* _Information shown_:
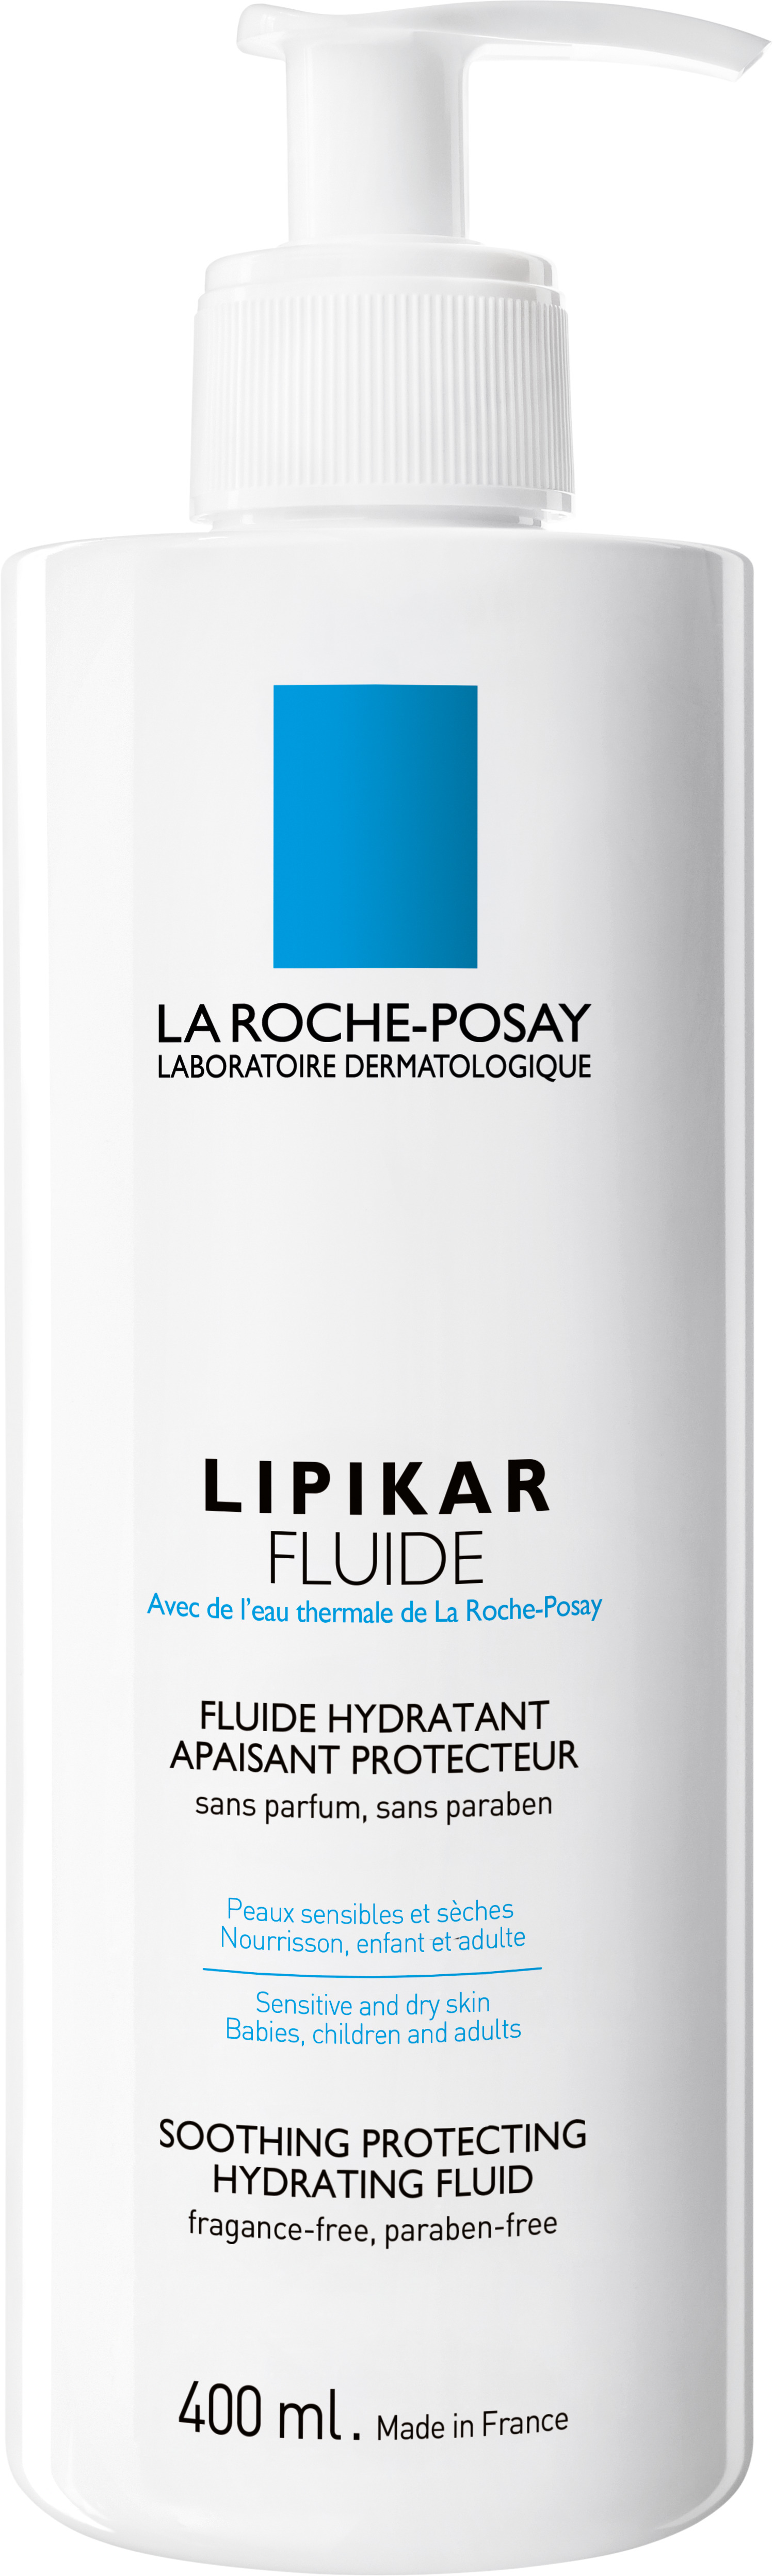 La Roche-Posay Lipikar Fluide Bodylotion 400 ml
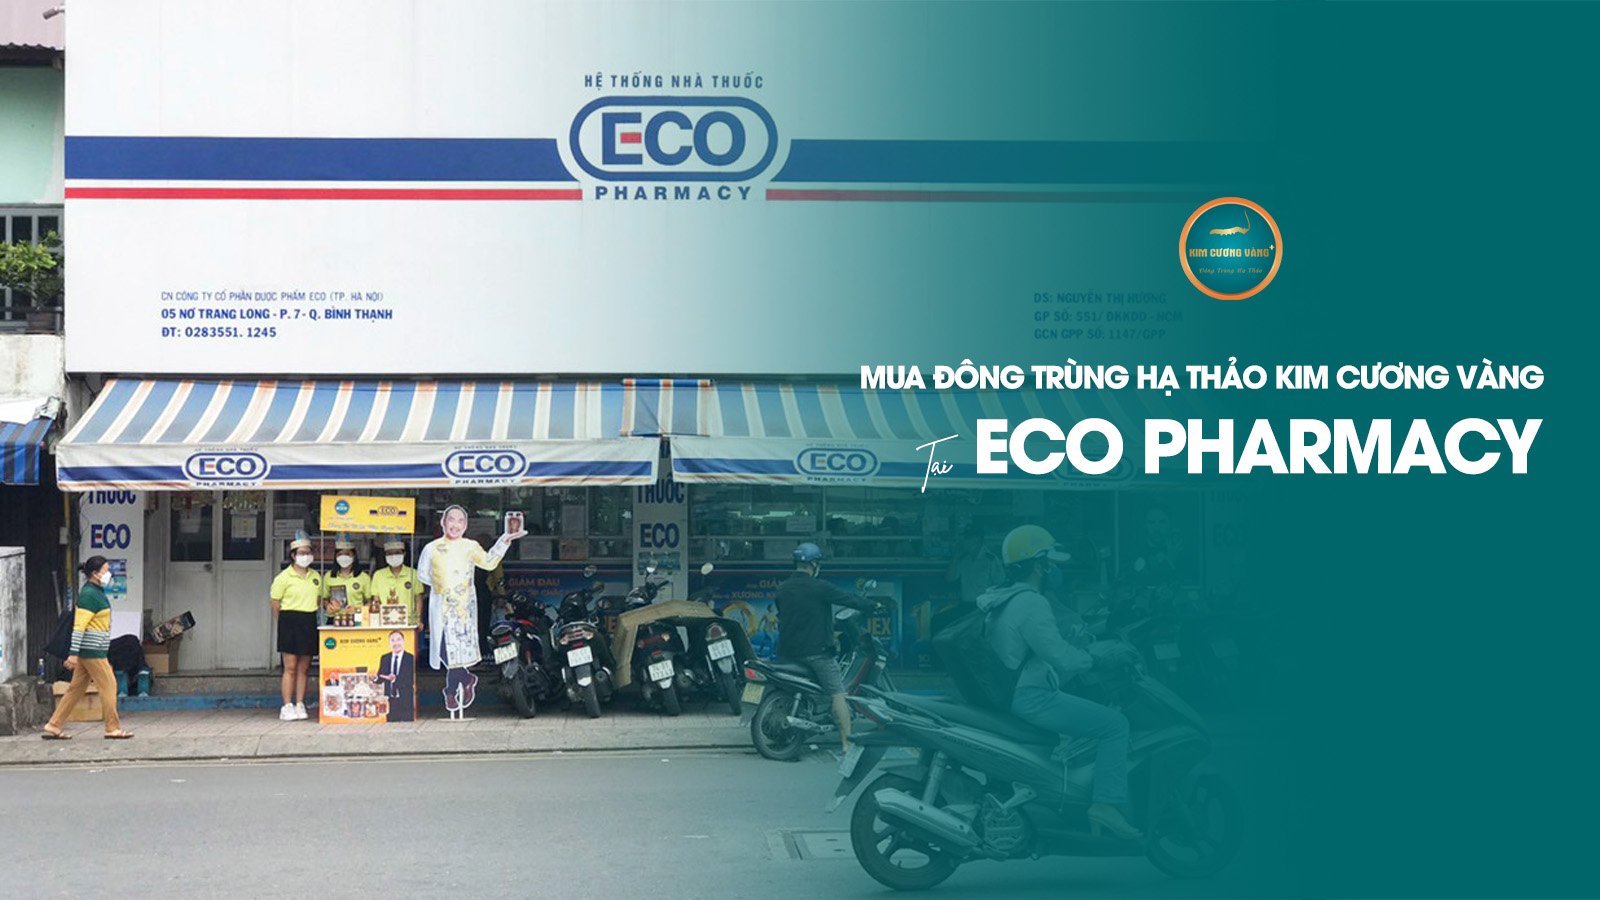 Đông Trùng Hạ Thảo Kim Cương Vàng Đã Có Mặt Trong Hệ Thống Nhà Thuốc Eco Pharmacy
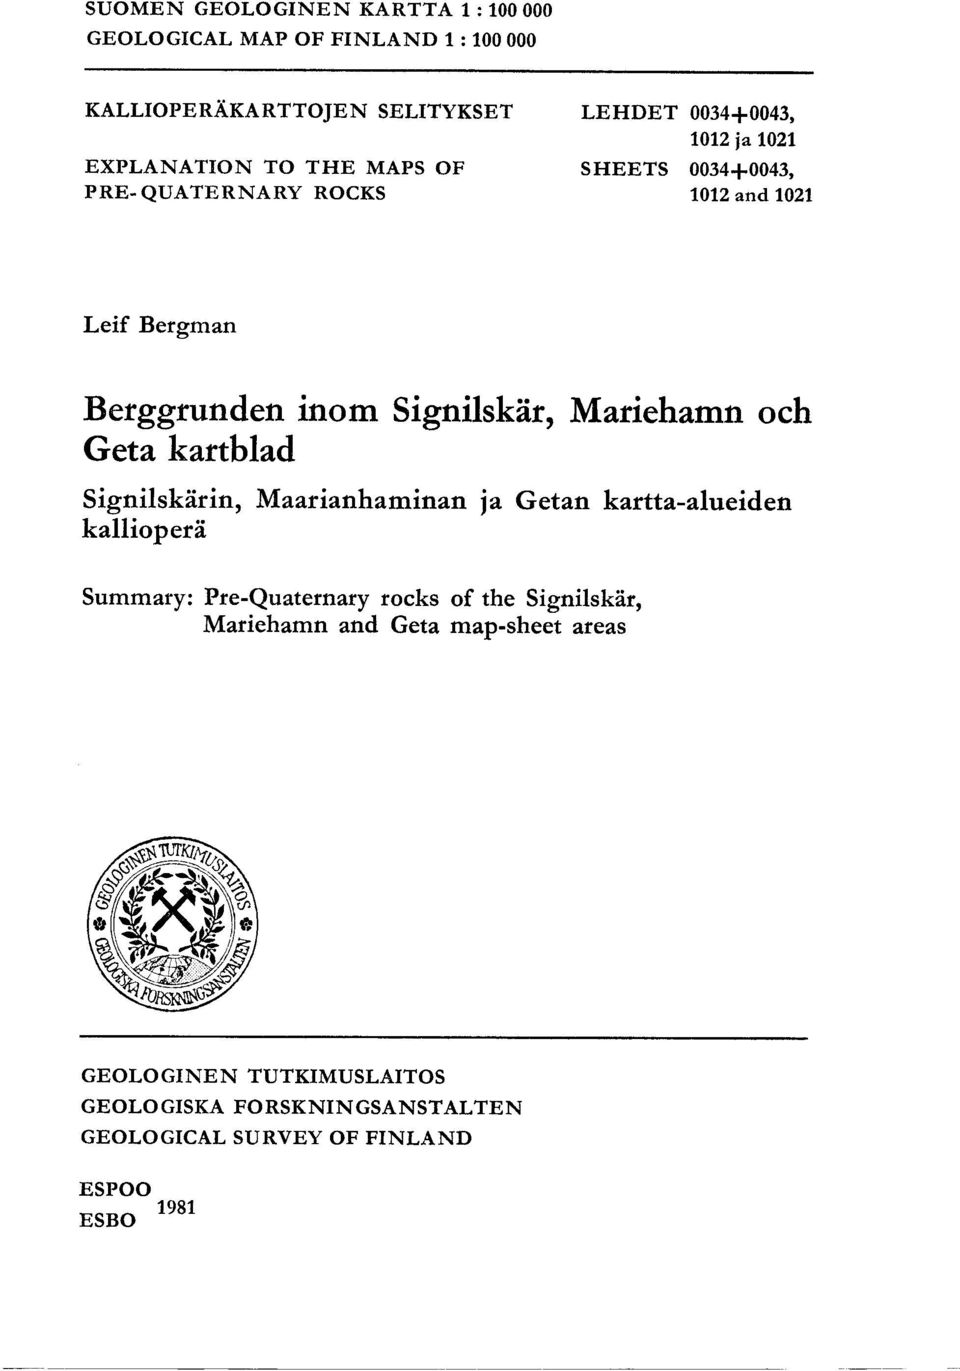 Mariehamn och Geta kartblad Signilskarin, Maarianhaminan ja Getan kartta-alueiden kalliopera Summary: Pre-Quaternary rocks of the
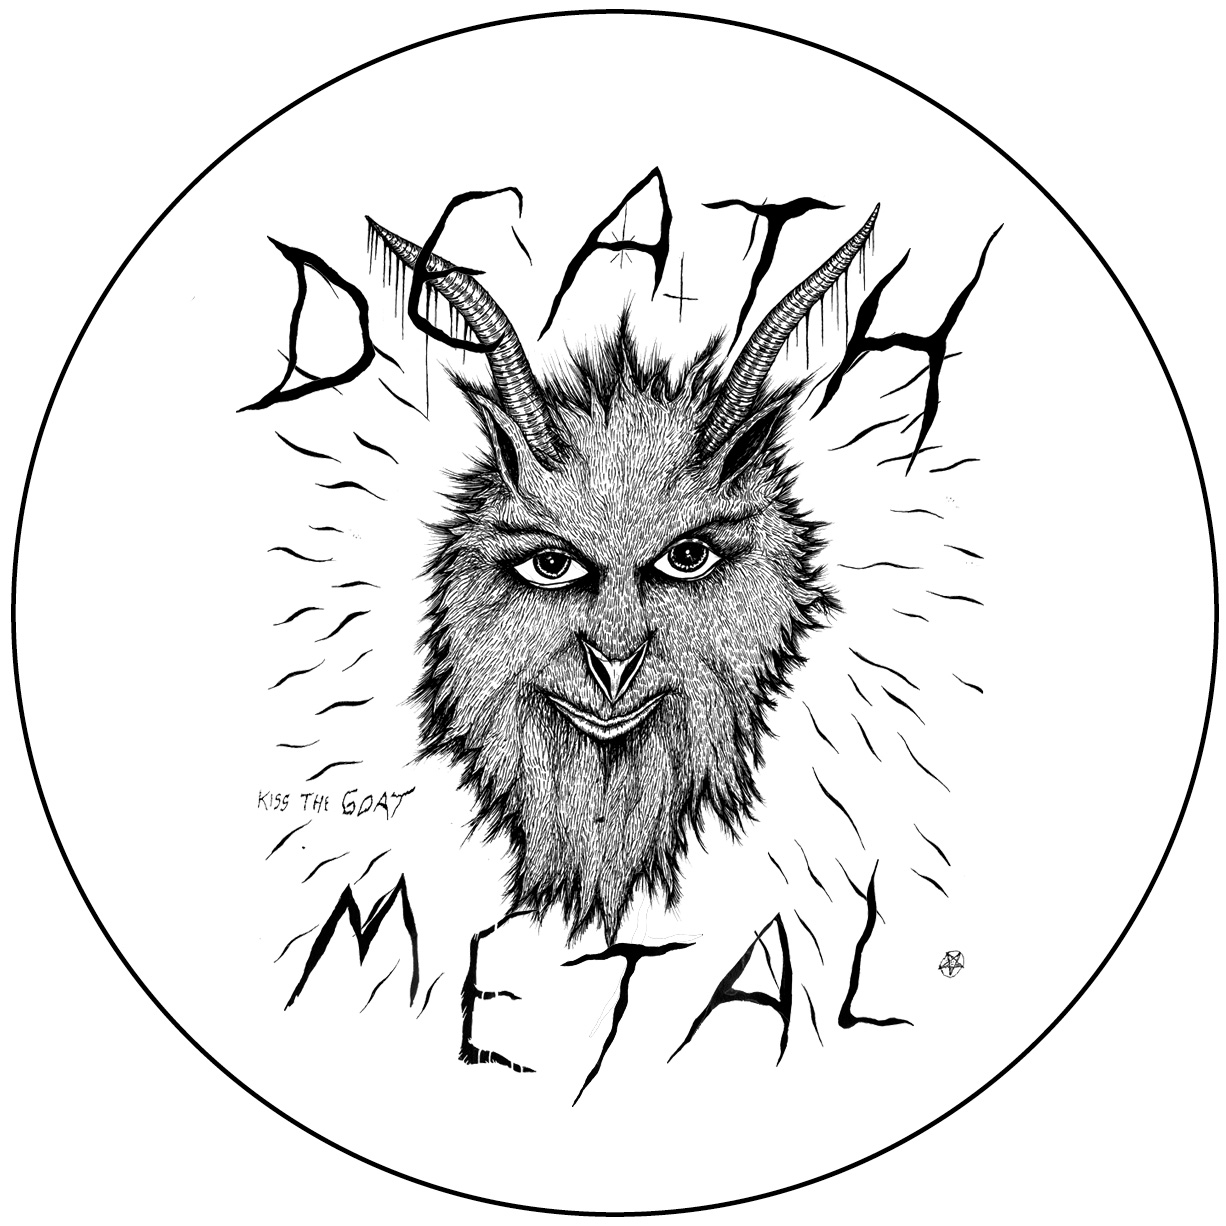 DEATH BY METAL by galeria de muerte: DEATH METAL Badge (76mm)

* _Exercise directions_:
Set down the material exactly as given, but print none of the pictures.

* _Completed task_:
 La Roche-Posay Lipikar Fluide Bodylotion 400 ml
 Đông Trùng Hạ Thảo Kim Cương Vàng Đã Có Mặt Trong Hệ Thống Nhà Thuốc Eco Pharmacy
 Mariehamn och Geta kartblad Signilskarin, Maarianhaminan ja Getan kartta-alueiden kalliopera Summary: Pre-Quaternary rocks of the
 DEATH BY METAL by galeria de muerte: DEATH METAL Badge (76mm)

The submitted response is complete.